** Your goal **
Look below for the line that contains "printed golden lotus design on blue pouch", and write out exactly that line and all remaining lines of the listing, omitting pictures.

** Given data **
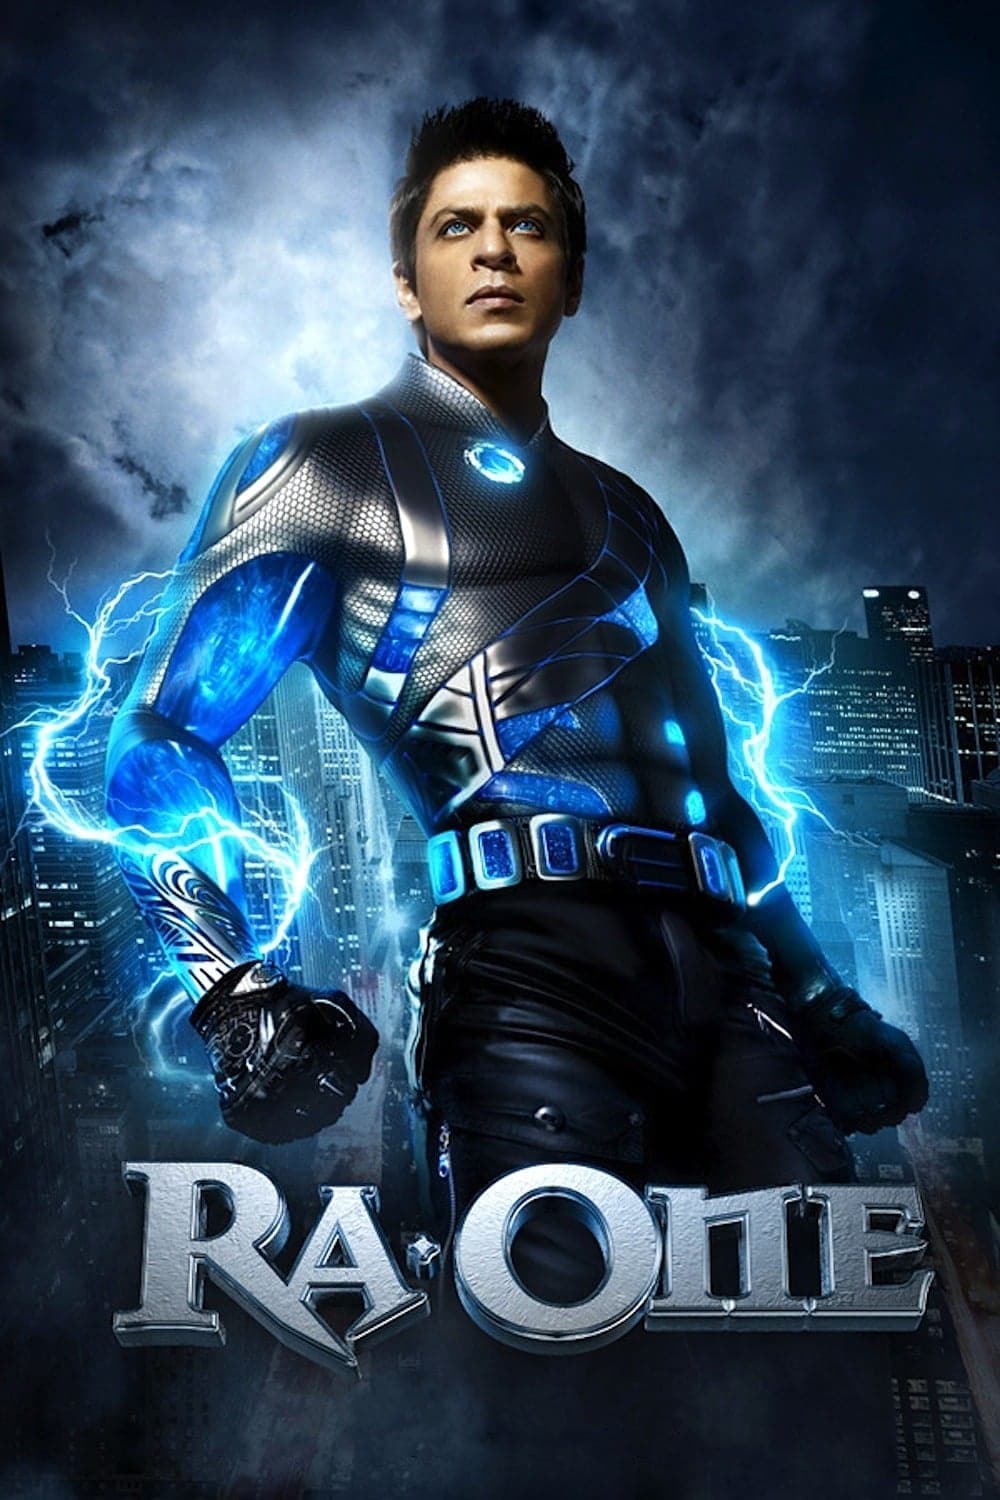 Poster for the movie "Ra.One"
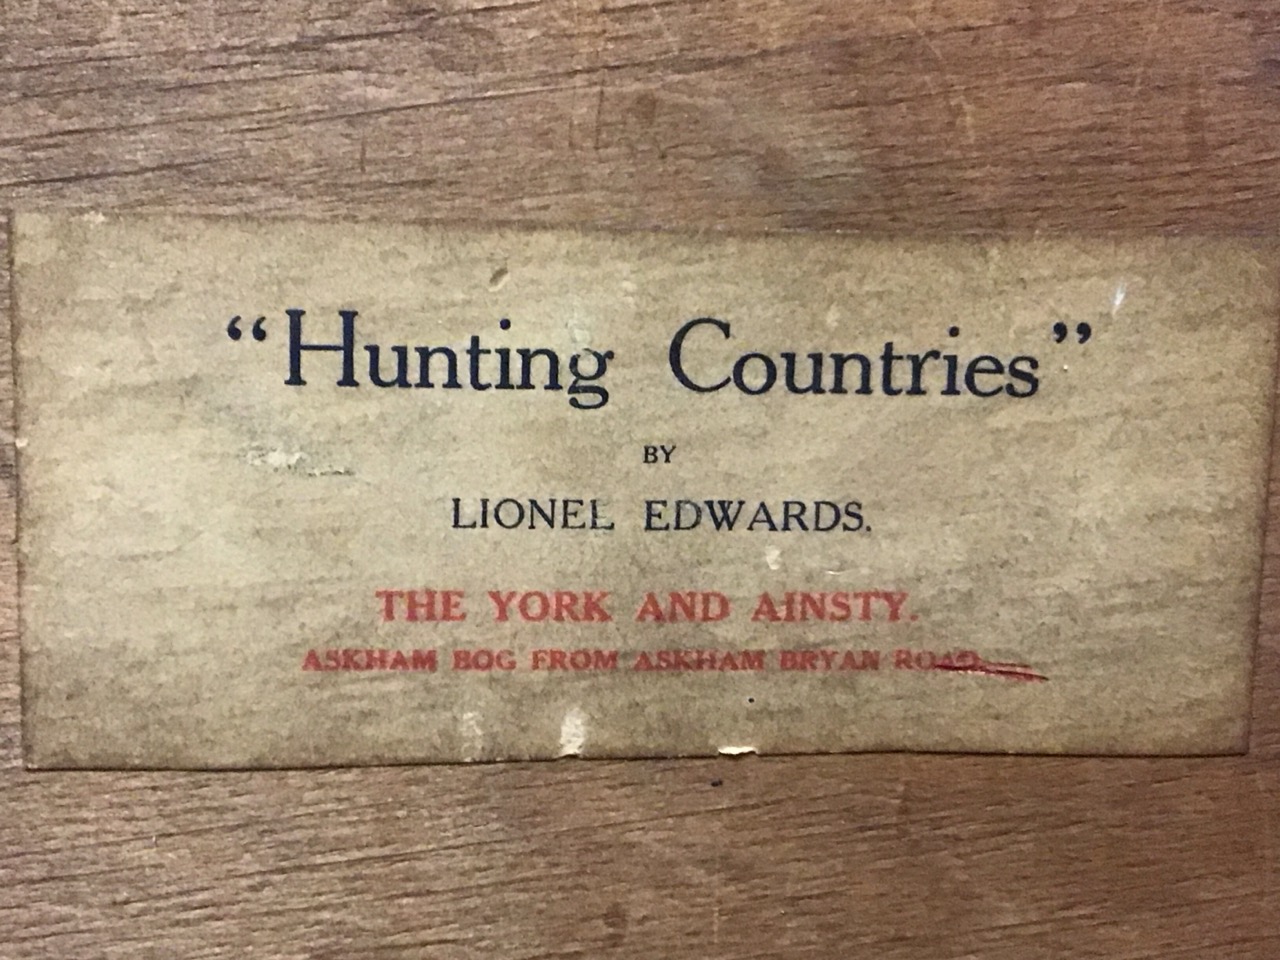 Lionel Edwards, coloured print, hunt in landscape, from the Hunting Countries series, signed and - Image 3 of 3
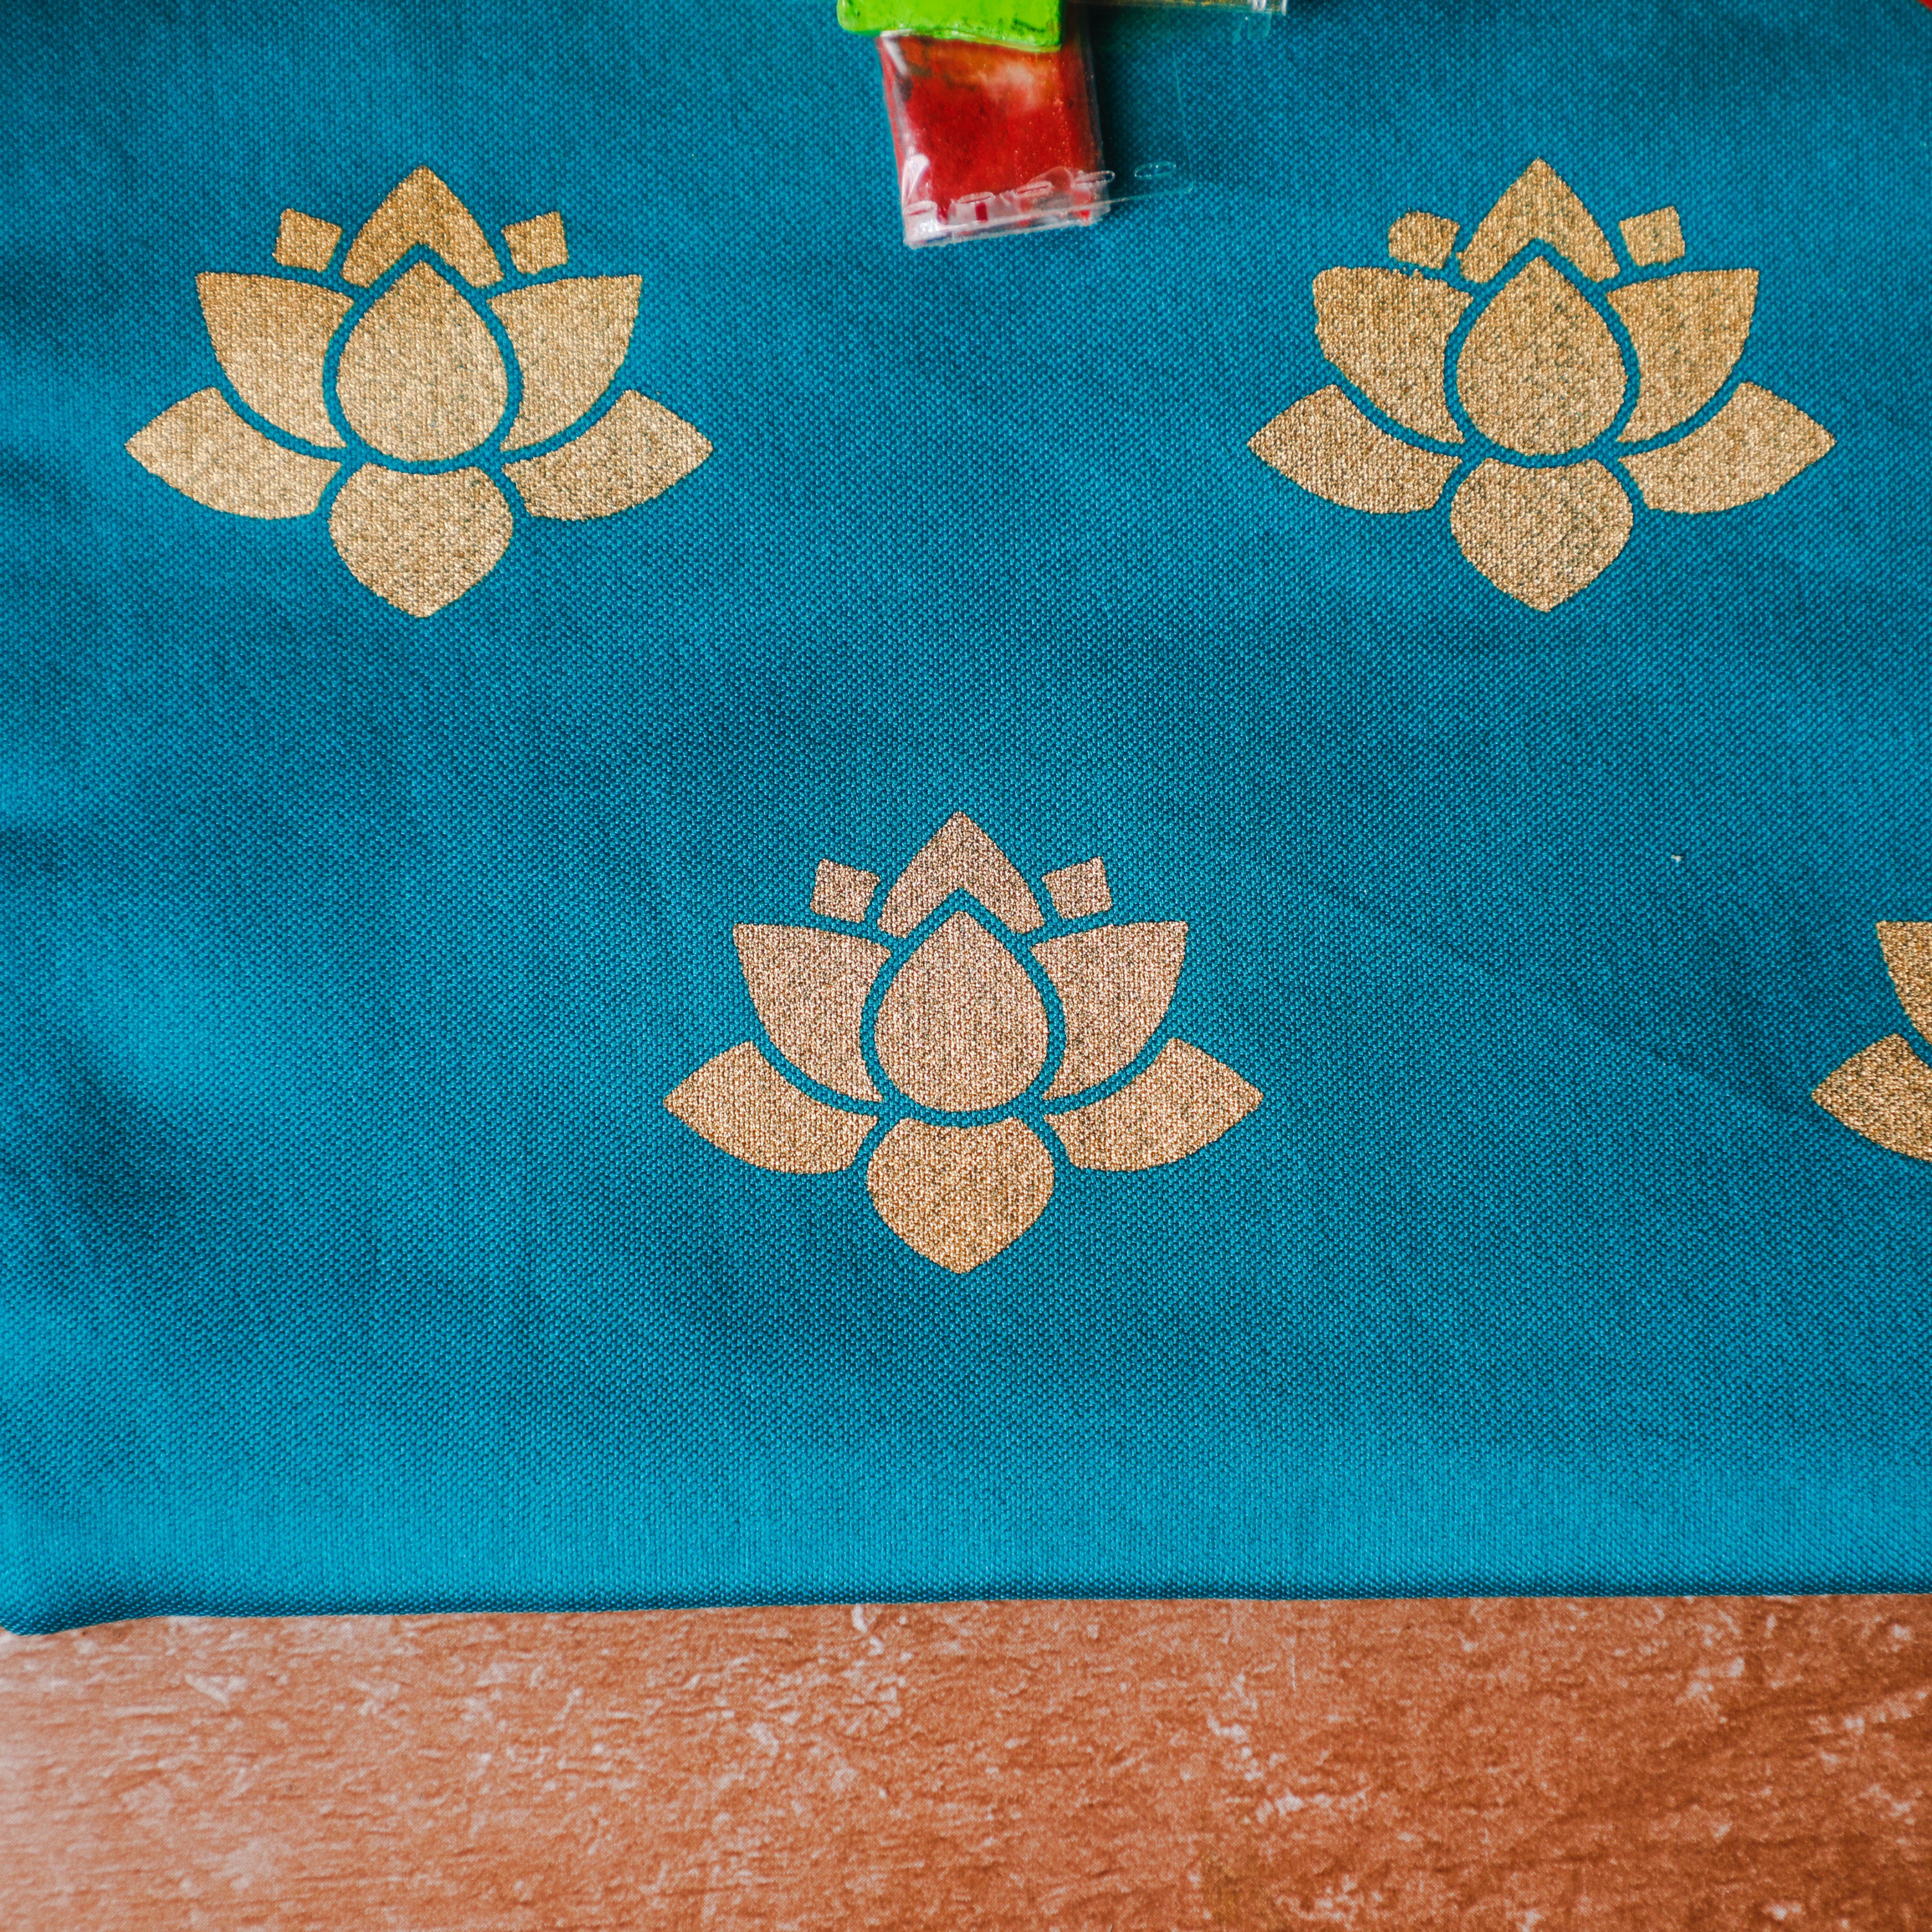 printed golden lotus design on blue pouch
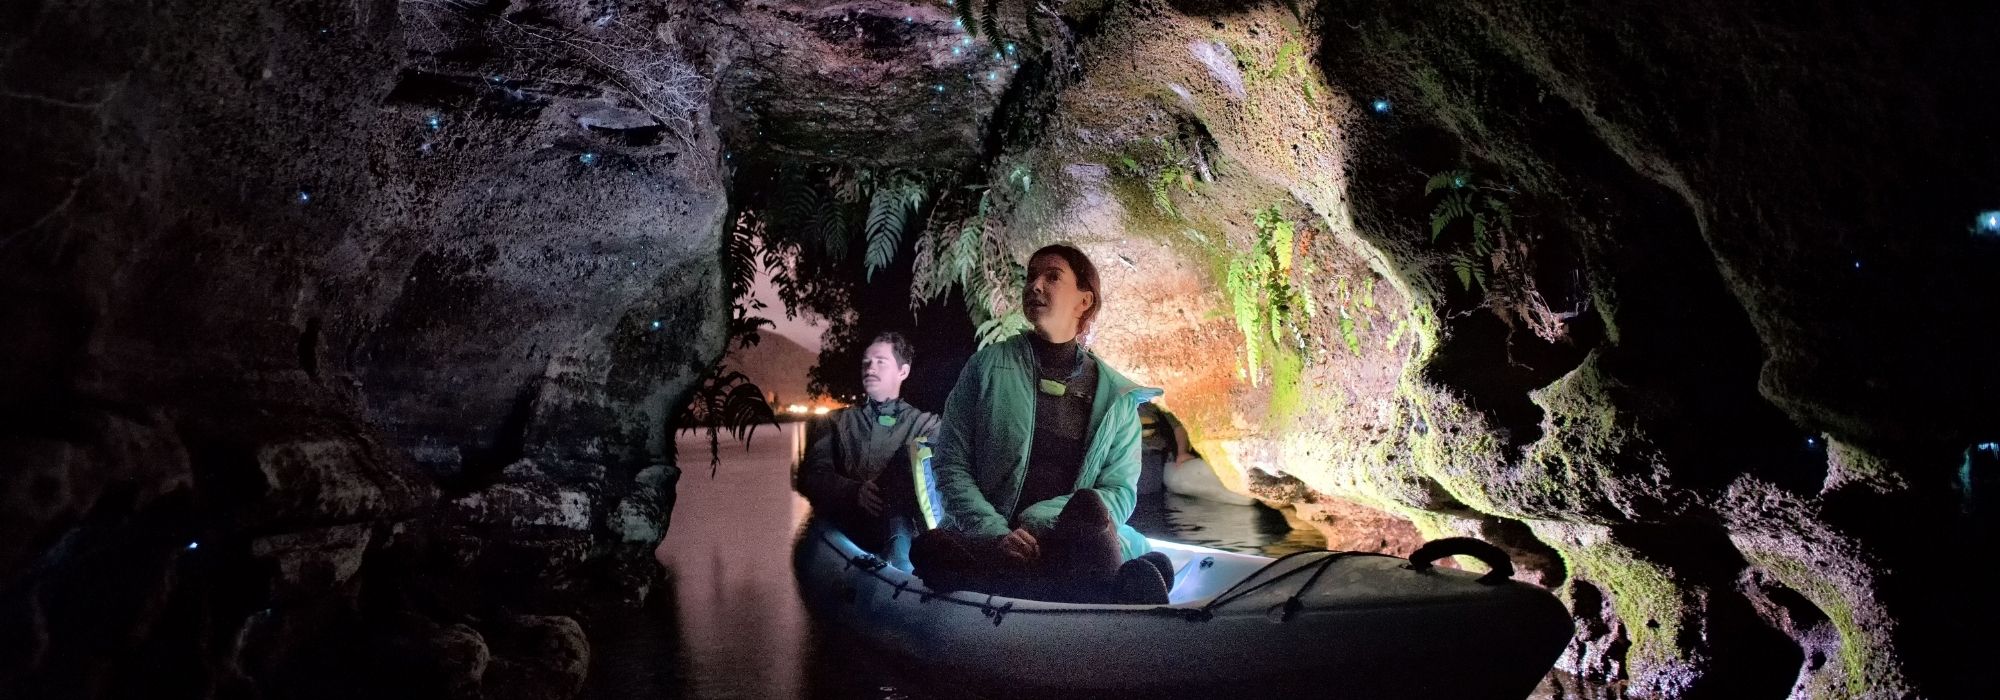 7 night-time experiences you won't forget

** Task answer **
 printed golden lotus design on blue pouch
 7 night-time experiences you won't forget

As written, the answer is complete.